PROBLEM DESCRIPTION -
Retype, word for word, every line from the one holding "Estuche 30 cápsulas" through the one holding "El Ayuntamiento de" in the entries below, both included, and only those lines.

RECORDS FOR THE EXERCISE -

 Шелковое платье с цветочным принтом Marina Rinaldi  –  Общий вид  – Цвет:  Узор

...

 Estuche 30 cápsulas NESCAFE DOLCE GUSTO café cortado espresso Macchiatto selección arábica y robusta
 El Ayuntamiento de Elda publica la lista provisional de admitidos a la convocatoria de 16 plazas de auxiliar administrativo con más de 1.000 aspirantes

--

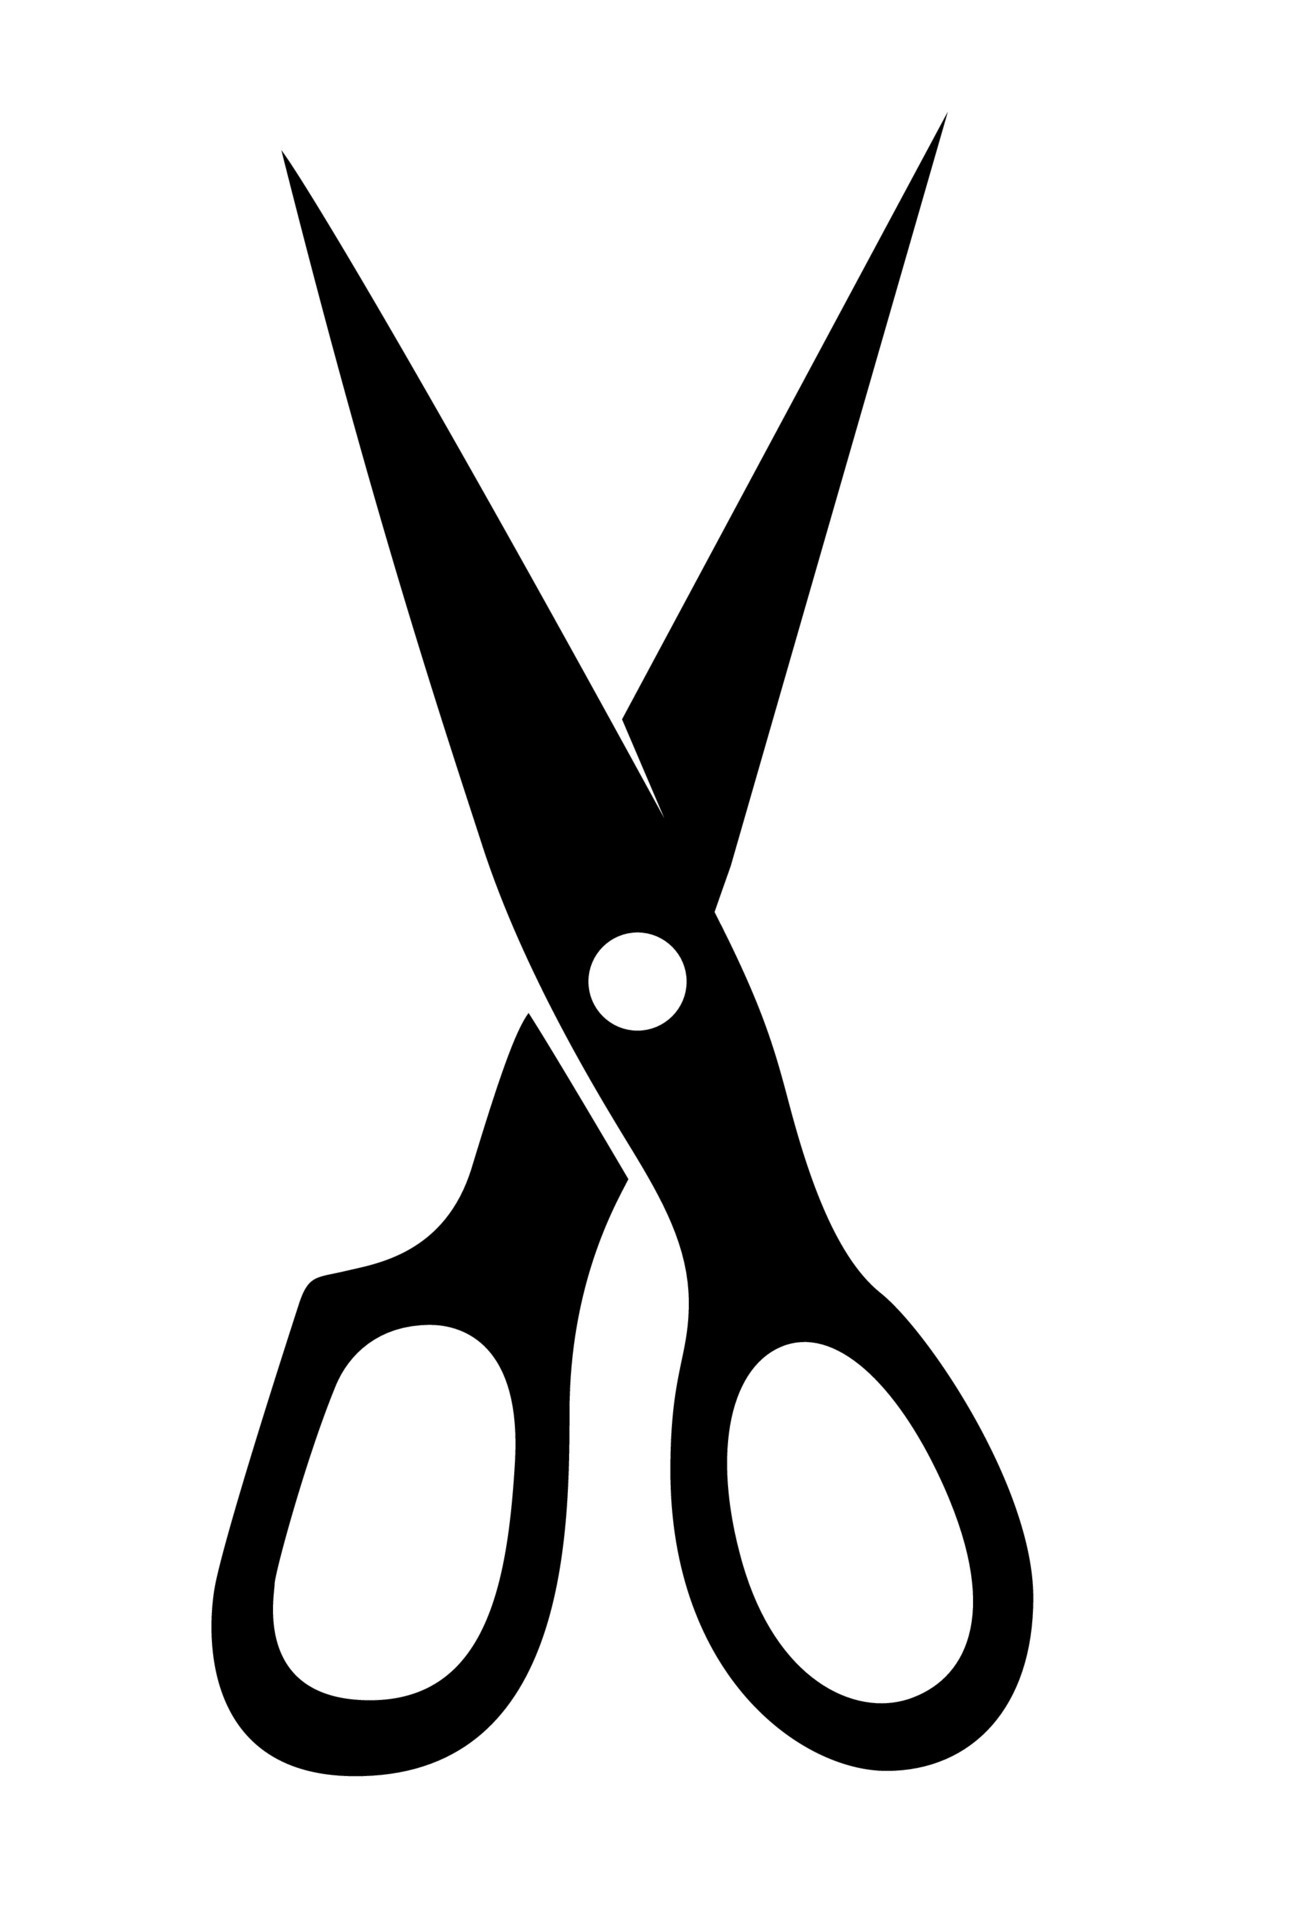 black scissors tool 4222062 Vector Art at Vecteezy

TASK RESULT -
 Estuche 30 cápsulas NESCAFE DOLCE GUSTO café cortado espresso Macchiatto selección arábica y robusta
 El Ayuntamiento de Elda publica la lista provisional de admitidos a la convocatoria de 16 plazas de auxiliar administrativo con más de 1.000 aspirantes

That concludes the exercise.